Kogiidae is a family comprising at least two extant species of Cetacea, the pygmy (Kogia breviceps) and dwarf (K. sima) sperm whales. As their common names suggest, they somewhat resemble sperm whales, with squared heads and small lower jaws, but are much smaller, with much shorter skulls and more notable dorsal fins than sperm whales. Kogiids are also characterized by a "false gill slit" behind their eyes.

A number of extinct genera have been named.

==Taxonomy==

There is some amount of uncertainty over if Kogiidae belongs in the sperm whale family. Research still suggests a close relationship between Kogiidae and sperm whales using mitochondrial DNA, which supports Kogiidae as part of the sperm whale family. This relationship is supported by similarities of the anatomical structures in the head, responsible for sound production, in particular the presence of a spermaceti organ.

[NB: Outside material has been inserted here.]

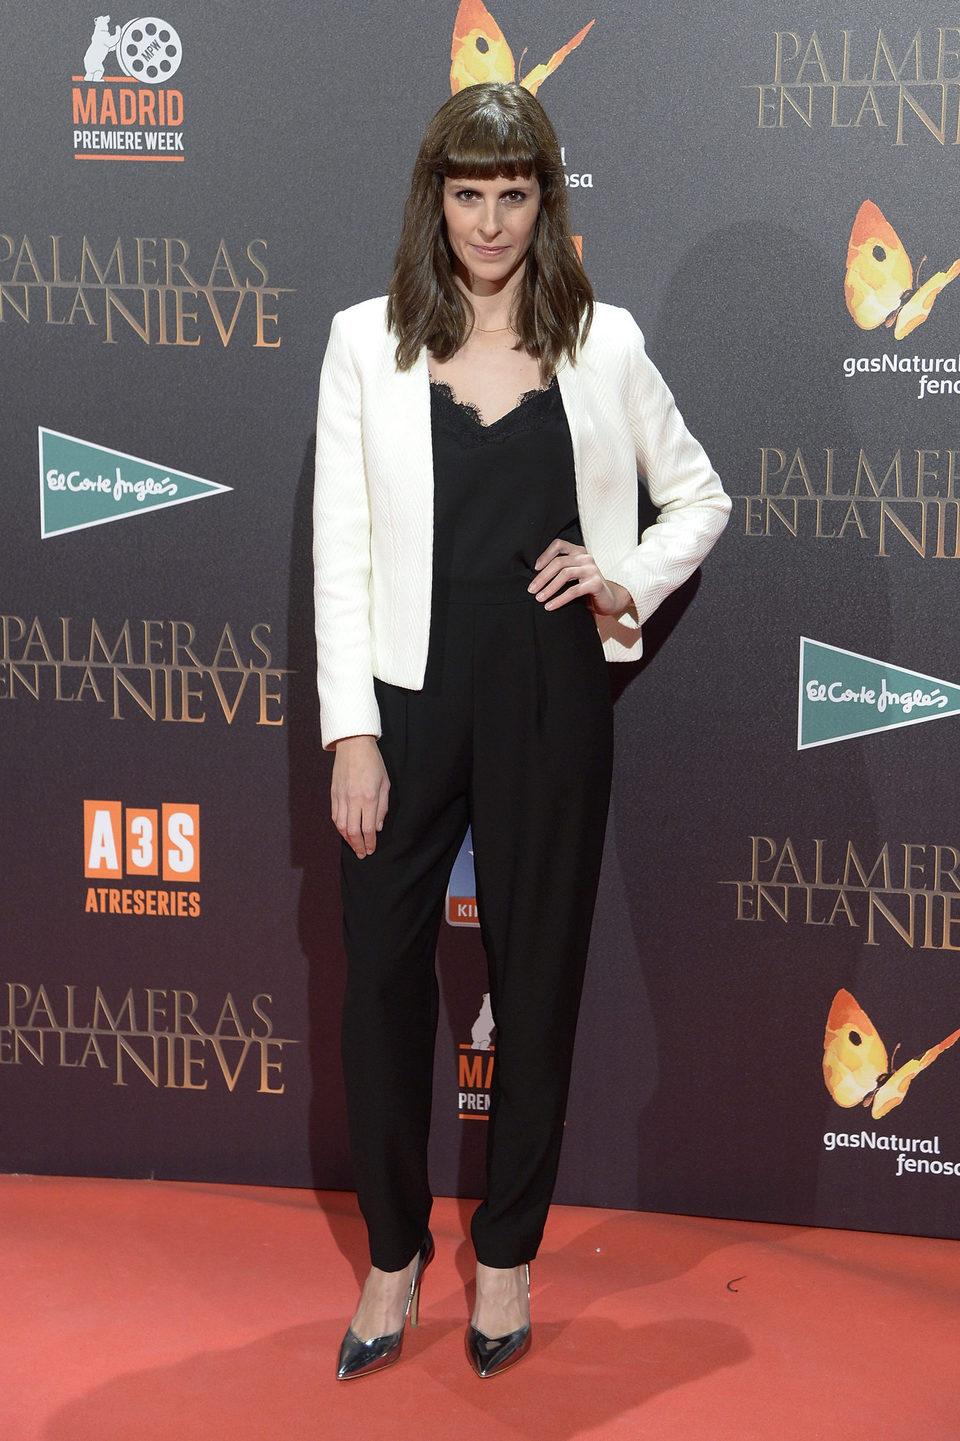 Bárbara Santa-Cruz en la premiere de 'Palmeras en la nieve' en Madrid
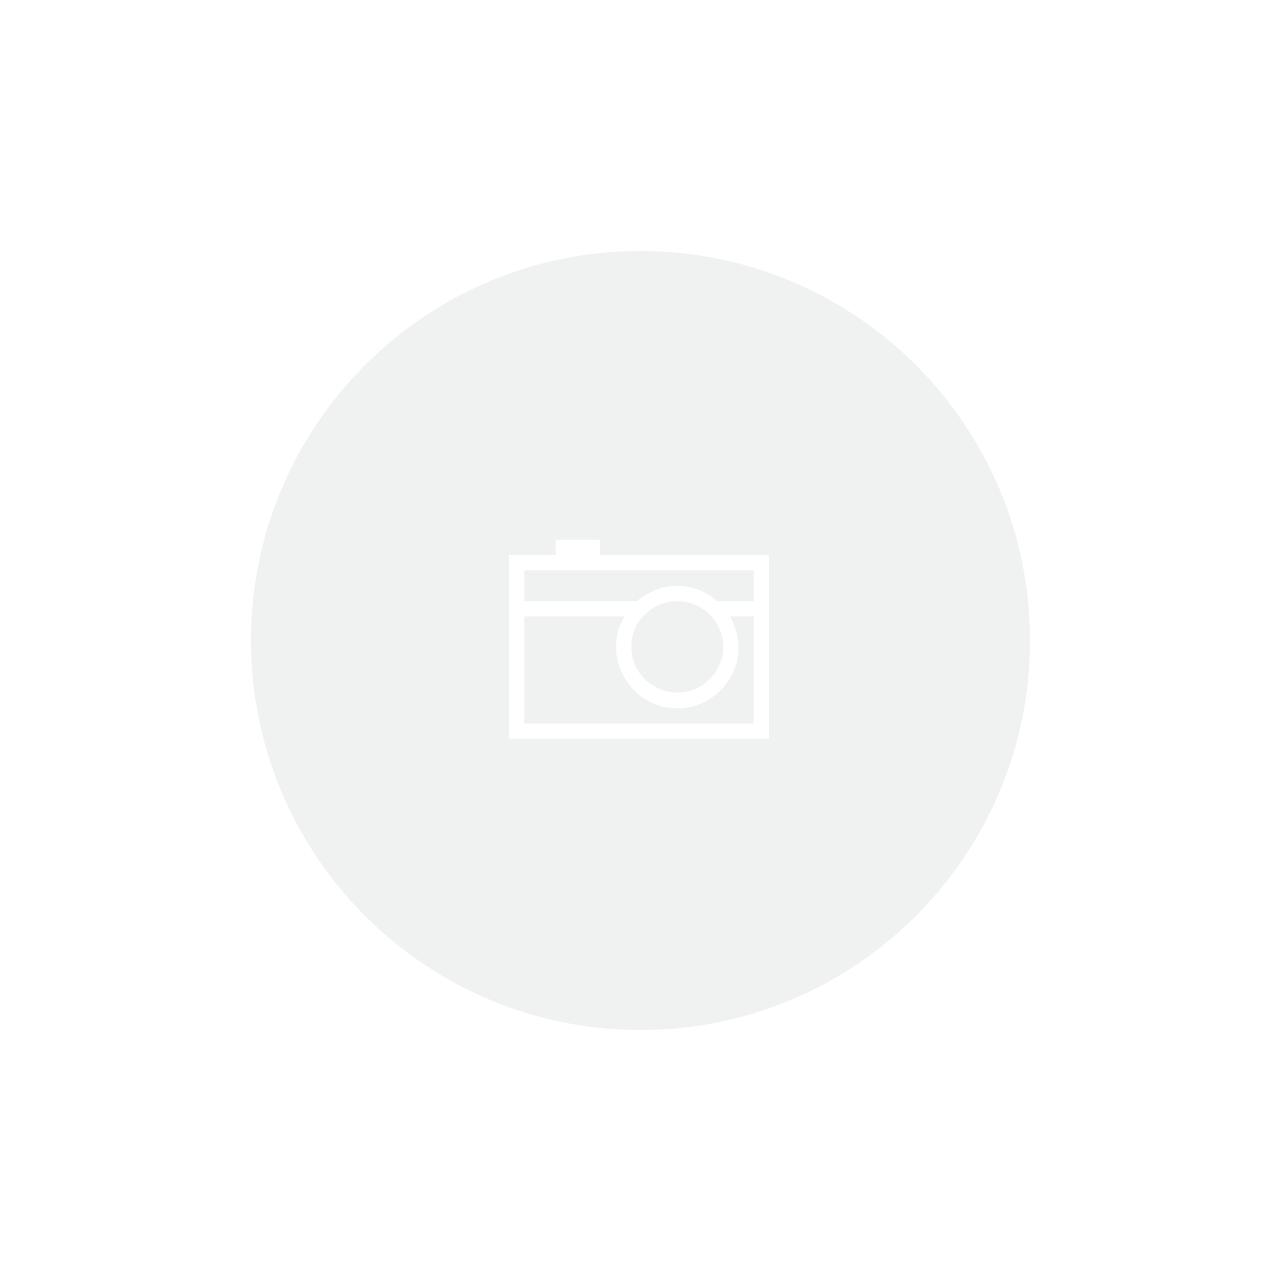 Caixa Organizadora 42 Litros Transparente Basic Tramontina

Other phylogenetic research raises further questions over a potential relationship between kogiids and Ziphiidae. Other questions exist regarding the high relatedness in mitochondrial DNA between Platanista and kogiids. Fossil evidence is limited for this family, which potentially limits an understanding of their relationship to other extant cetaceans.

Researchers have proposed that K. sima may represent at least two genetically unique species, and further genetic research is needed to determine the real number of extant species of Kogiidae.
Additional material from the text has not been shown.